Dr. Noguera has published more than 200 research and scholarly articles, monographs, research reports, and editorials on topics such as urban school reform, education policy, conditions that promote student achievement, the role of education in community development, youth violence, and race and ethnic relations in American society. His books include City Schools and the American Dream, Unfinished Business: Closing the Achievement Gap in Our Nation’s Schools, The Trouble with Black Boys…and Other Reflections on Race, Equity and the Future of Public Education, and Creating the Opportunity to Learn: Moving from Research to Practice to Close the Achievement Gap with A. Wade Boykin. His most recent book is Schooling for Resilience: Improving the Life Trajectories of African American and Latino Boys, which is co-written with Edward Fergus and Margary Martin.

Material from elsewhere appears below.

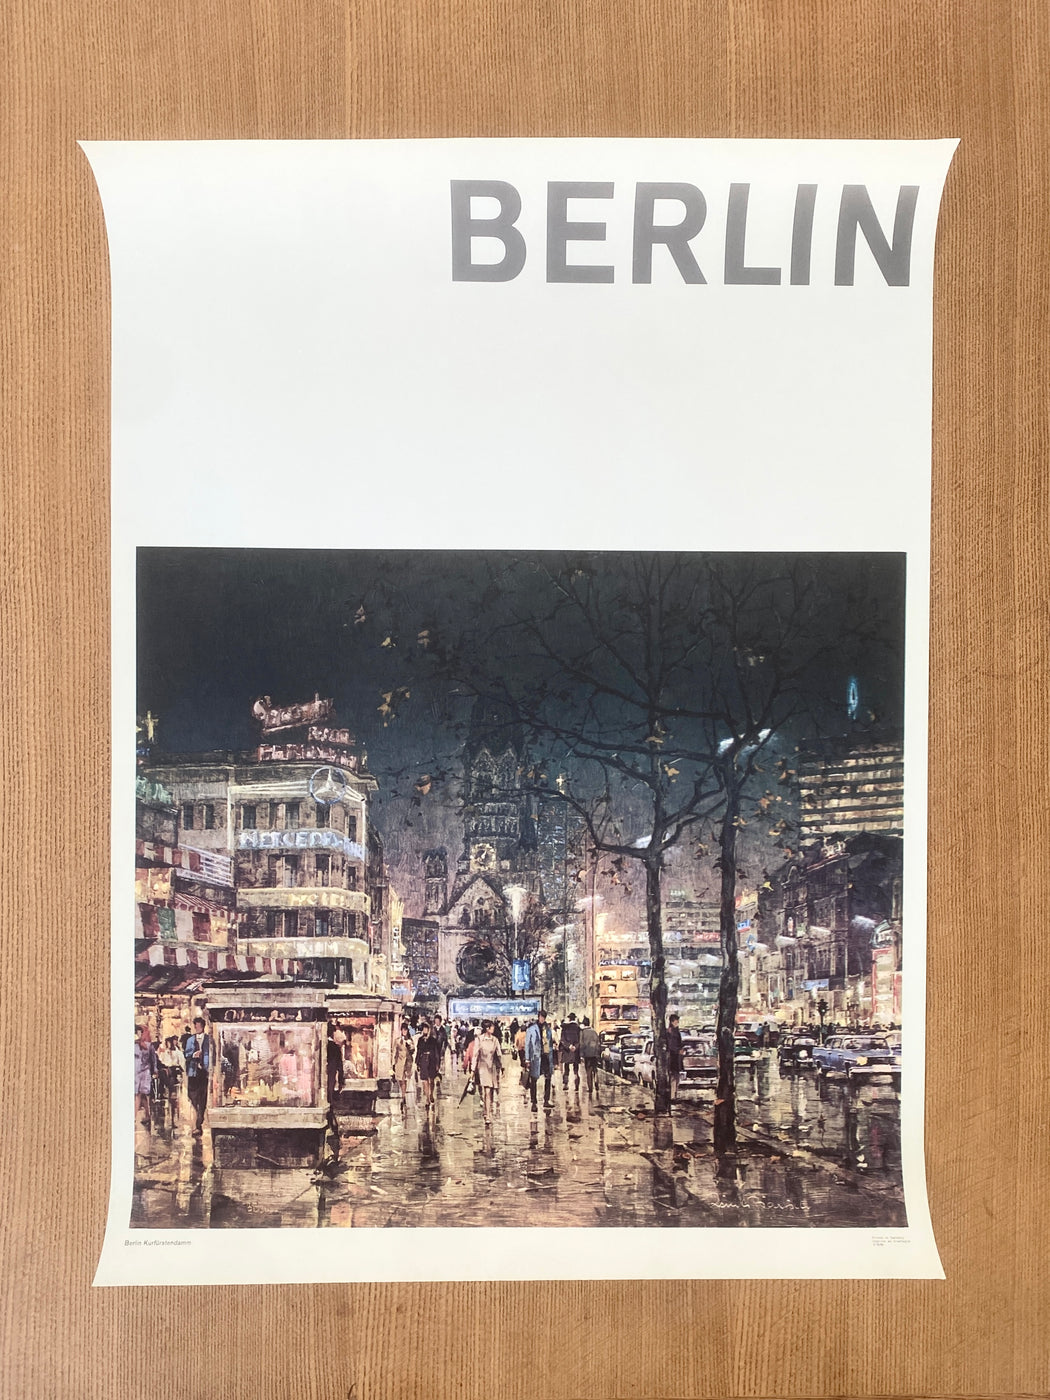 Berlin 1969 Poster

Professor Noguera appears as a regular commentator on educational issues on CNN, MSNBC, National Public Radio and other national news outlets. Early in his career he served as a classroom teacher in public schools in Providence, RI, and Oakland, CA, and continues to work with schools nationally and internationally as a researcher and advisor. He earned his doctorate in Sociology from the University of California at Berkeley.

A sociologist whose scholarship and research focuses on the ways in which schools are influenced by social and economic conditions, as well as by demographic trends, Noguera says that schools are impacted by poverty in a myriad of ways, and that education should become a partner in systems that support poor students and families.